INFO:root:[WhisperTensorRT:] Processing audio with duration: 0.512
INFO:root:[WhisperTensorRT:] Processing audio with duration: 0.512
INFO:root:[WhisperTensorRT:] Processing audio with duration: 0.768
INFO:root:[WhisperTensorRT:] Processing audio with duration: 0.768
...
INFO:root:[WhisperTensorRT:] Processing audio with duration: 2.41
INFO:root:Cleaning up.
ERROR:root:[ERROR]: Sending data to client: sent 1000 (OK); then received 1000 (OK)

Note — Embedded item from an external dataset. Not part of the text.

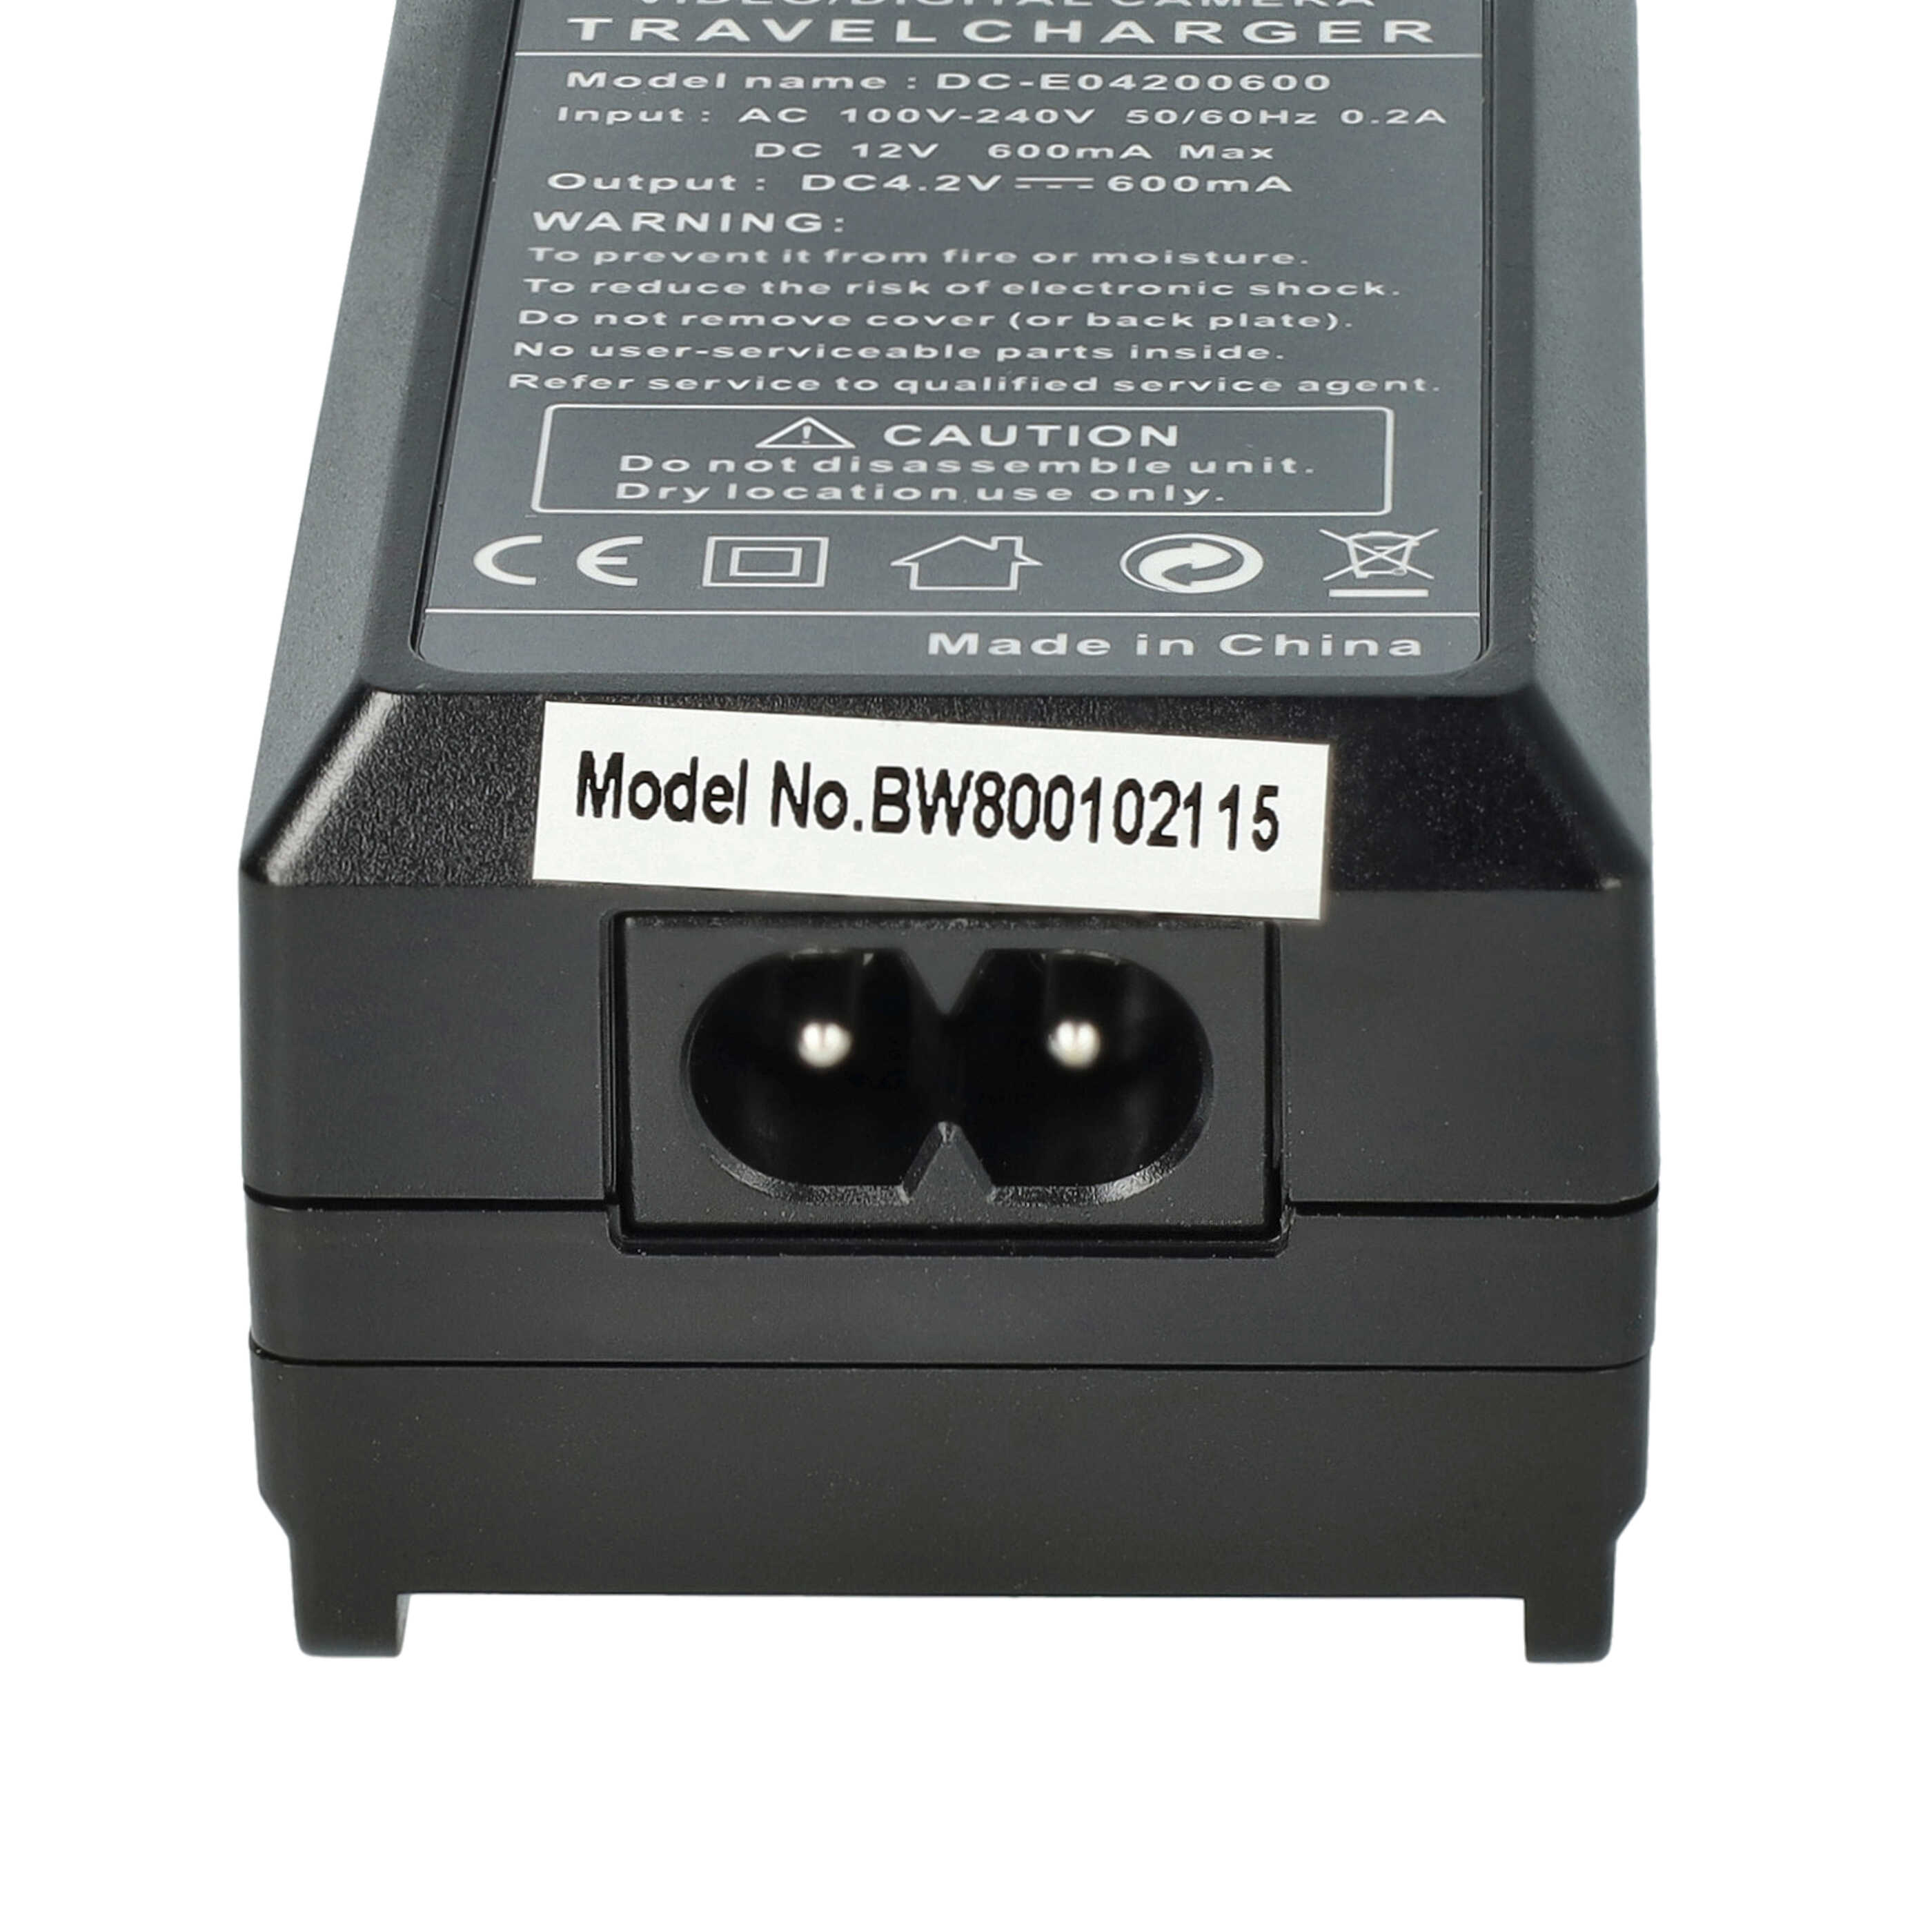 Battery Charger suitable for Everio GZ-V500 Camera etc. - 0.6 A, 4.2 V

INFO:root:Exiting speech to text thread
My test.py output.
For instance, if I am recalling an incident very
vividly I go back to the instant of its occurrence. I become
absent-minded, as you say. I jump back for a moment.
[ERROR] WebSocket Error: fin=1 opcode=8 data=b'\x03\xe8'
[INFO]: Websocket connection closed: None: None
I would be curious to learn how it works as there are a lot of errors and c++ version don't work and there are ton of package is deprecated warnings along whole process.